State v. Rood

12 Vt. 396 | Vt. | 1840

The opinion of the court was delivered by

Williams, Ch. J.

It is admitted, by the attorney for the state, that in a prosecution like the one under consideration, it is necessary to prove a marriage in fact, and that reputation and cohabitation, alone, are not sufficient. It is usual to prove such marriage either by producing a copy of the register or record, when one is kept, or, which is more customary, by the testimony of a witness present at the celebration. The English and American cases agree in this doctrine. Rex v. Fielding, 5 St. Tr. 614. Commonwealth v. Littlejohn, 15 Mass. 163. The proof, in the case before us, was by a witness present at the ceremony. It is not necessary^ in the first instance, to show the authority or official character of the person celebrating or solemnizing the marriage.

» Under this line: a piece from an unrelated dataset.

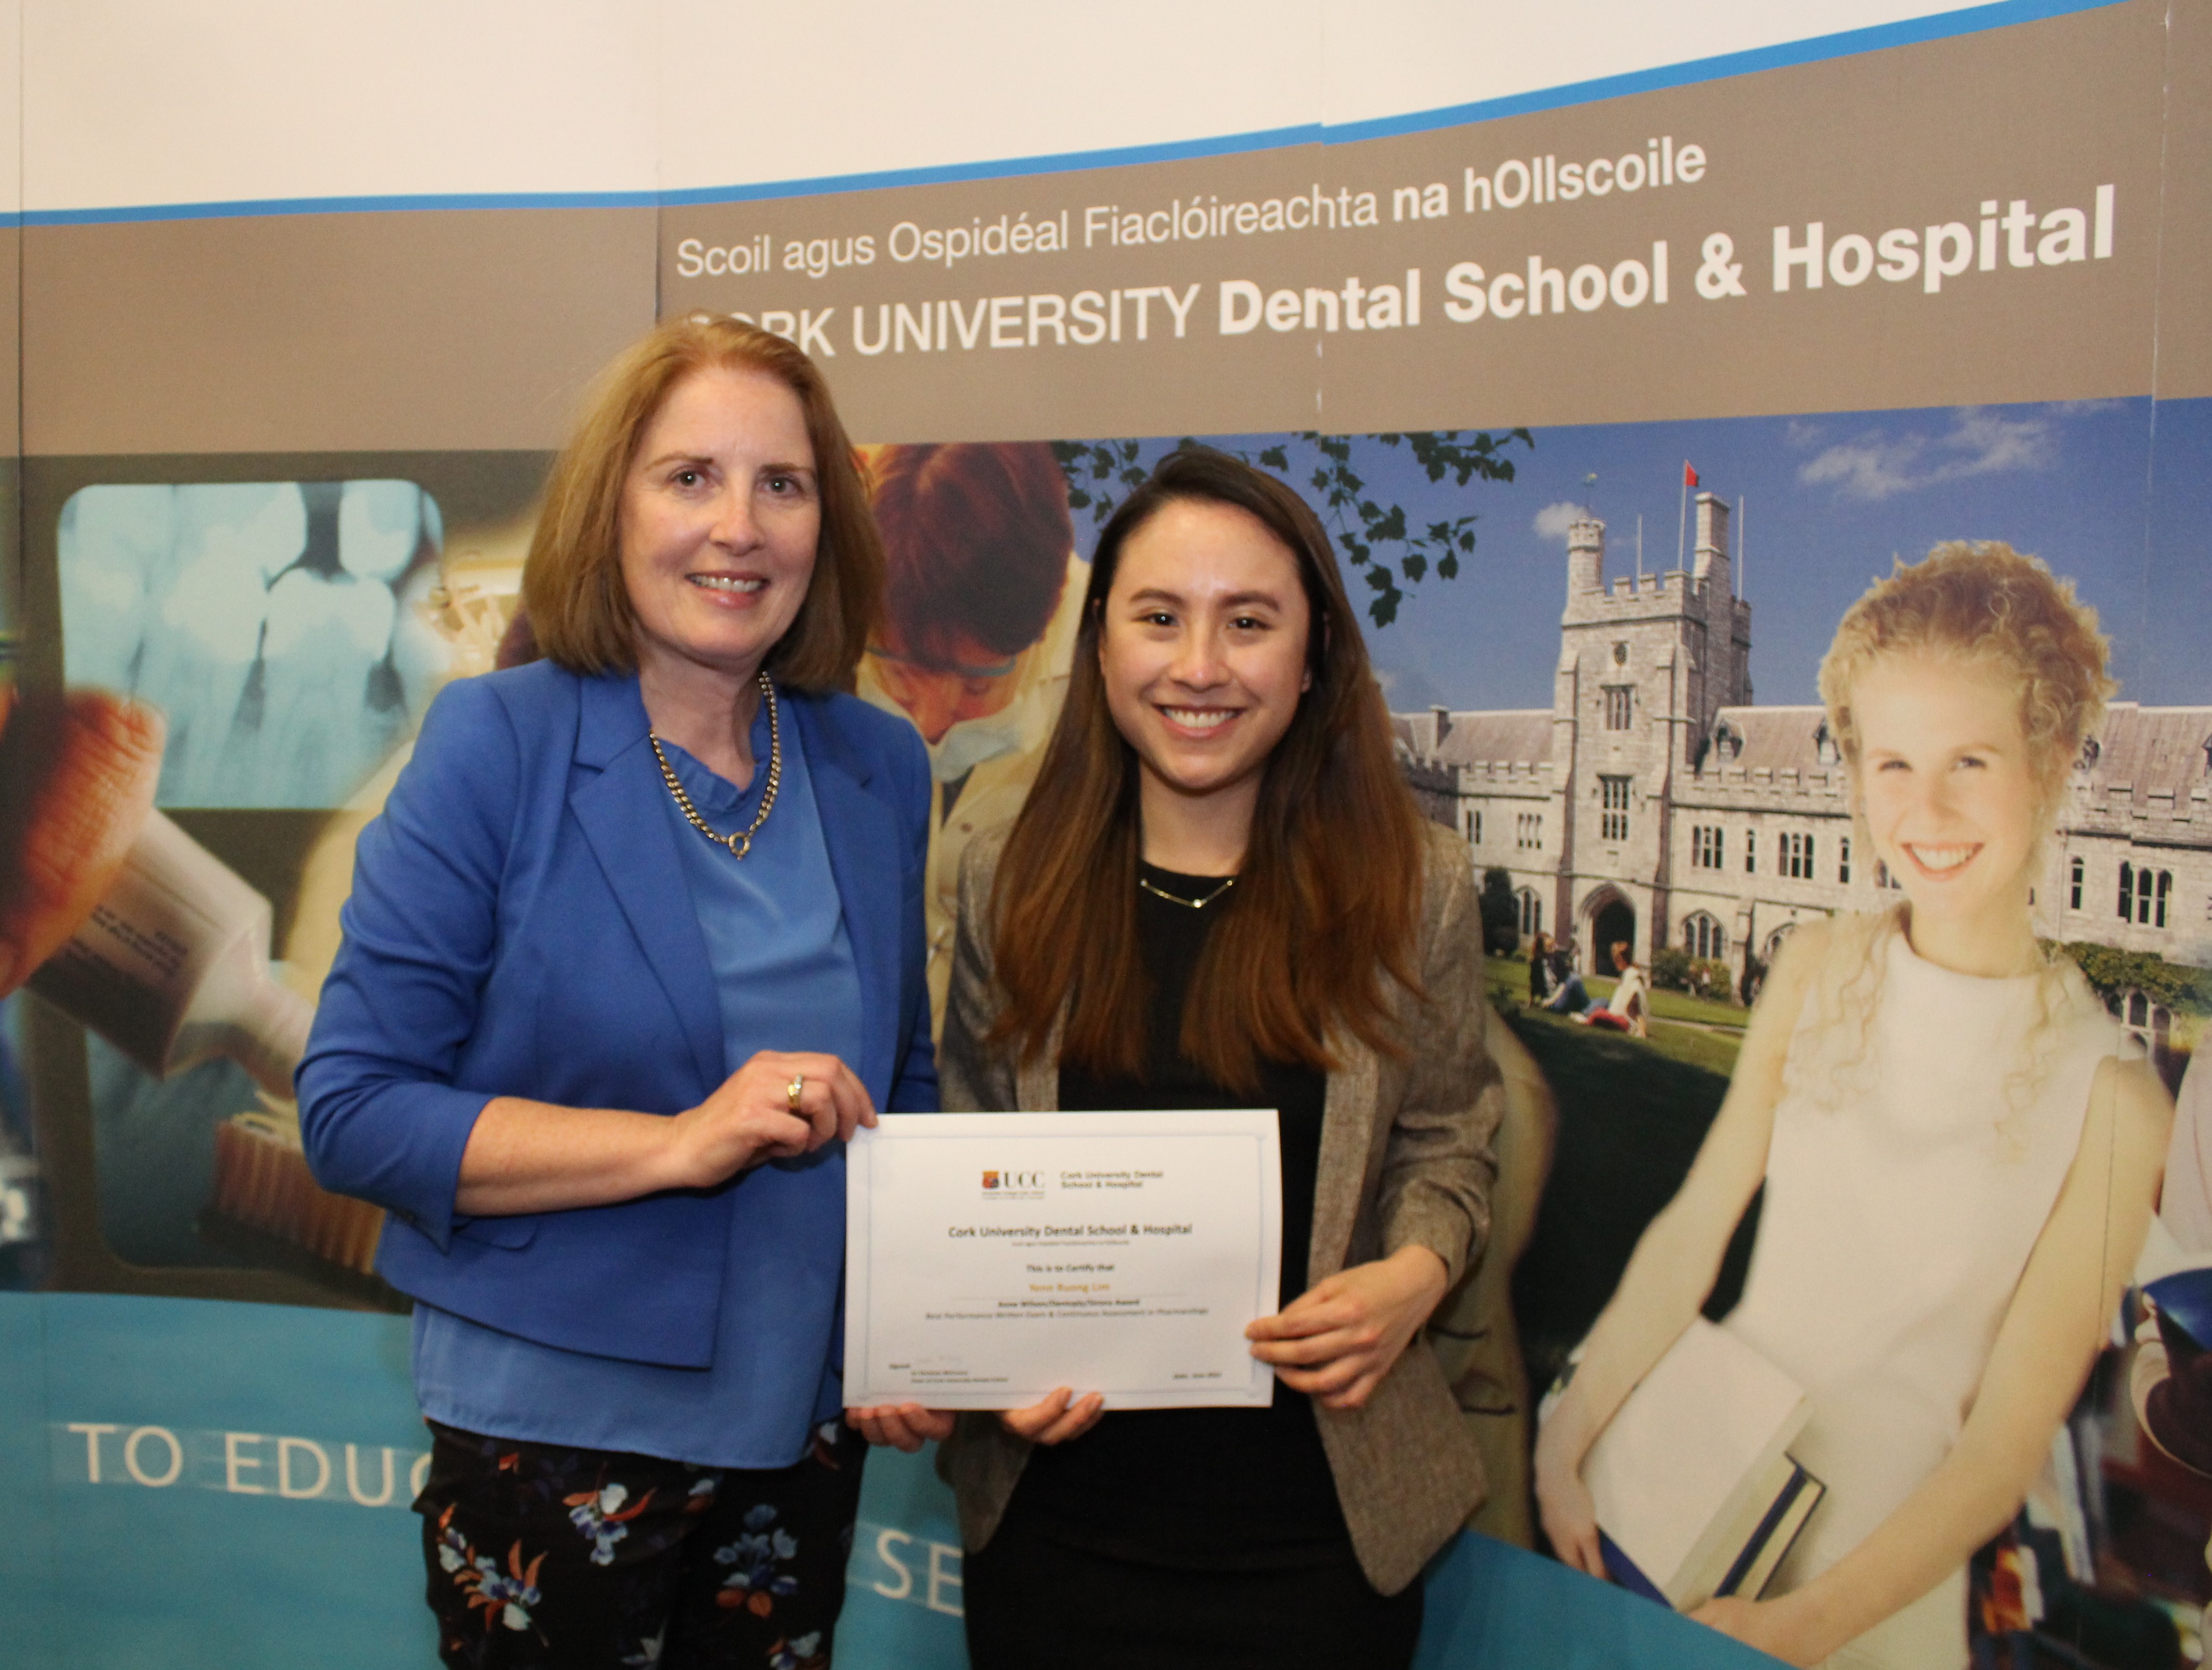 Congratulations to Yenn Ruong Lim on receiving the Dr Anne Wilson/DentsPly Sirona Prize in Dental Pharmacology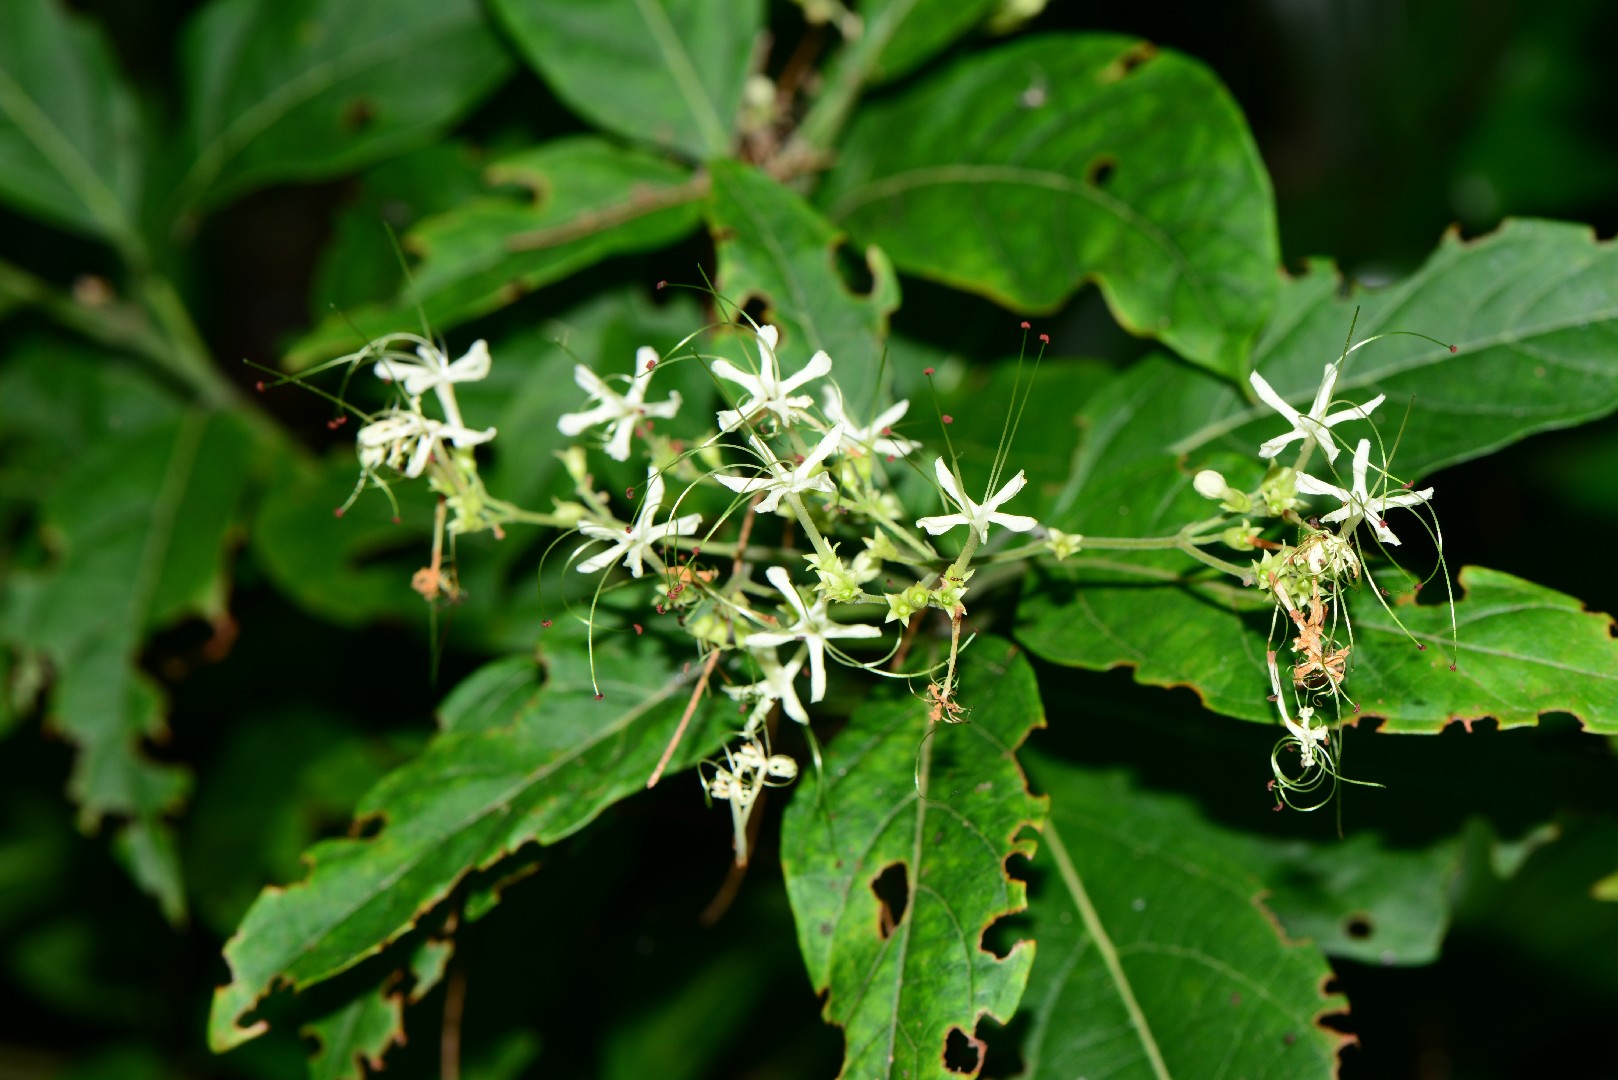 Clerodendrum (Clerodendrum)

It seems to be sufficient if the ceremony was performed by a person appearing in the official character of one duly authorized, especially if it was followed by cohabitation and recognizing each other as husband and wife. Rex v. Brampton, 10 East, 282. By the laws of the state of New York, a marriage is legal if the parties appear before a magistrate and declare their consent to a marriage, and it was not necessary to prove the law, if it was known to the court at the trial, or if it is now known to be as decided on the trial.

The evidence introduced was sufficient, prima fame, to prove a marriage in fact. The parties appeared before a magistrate, or one acting as such, and who was authorized by the laws of the state, where it took place, to solemnize a mar*400riage, and, before him, were married. If Isaac Bishop was not a magistrate, or the laws of the state of New York, were different from what was supposed by the court, on the trial, the evidence of that should have come from the respondent, after the case was thus made out, prima facie, against him.

Judgment is to be rendered on the verdict.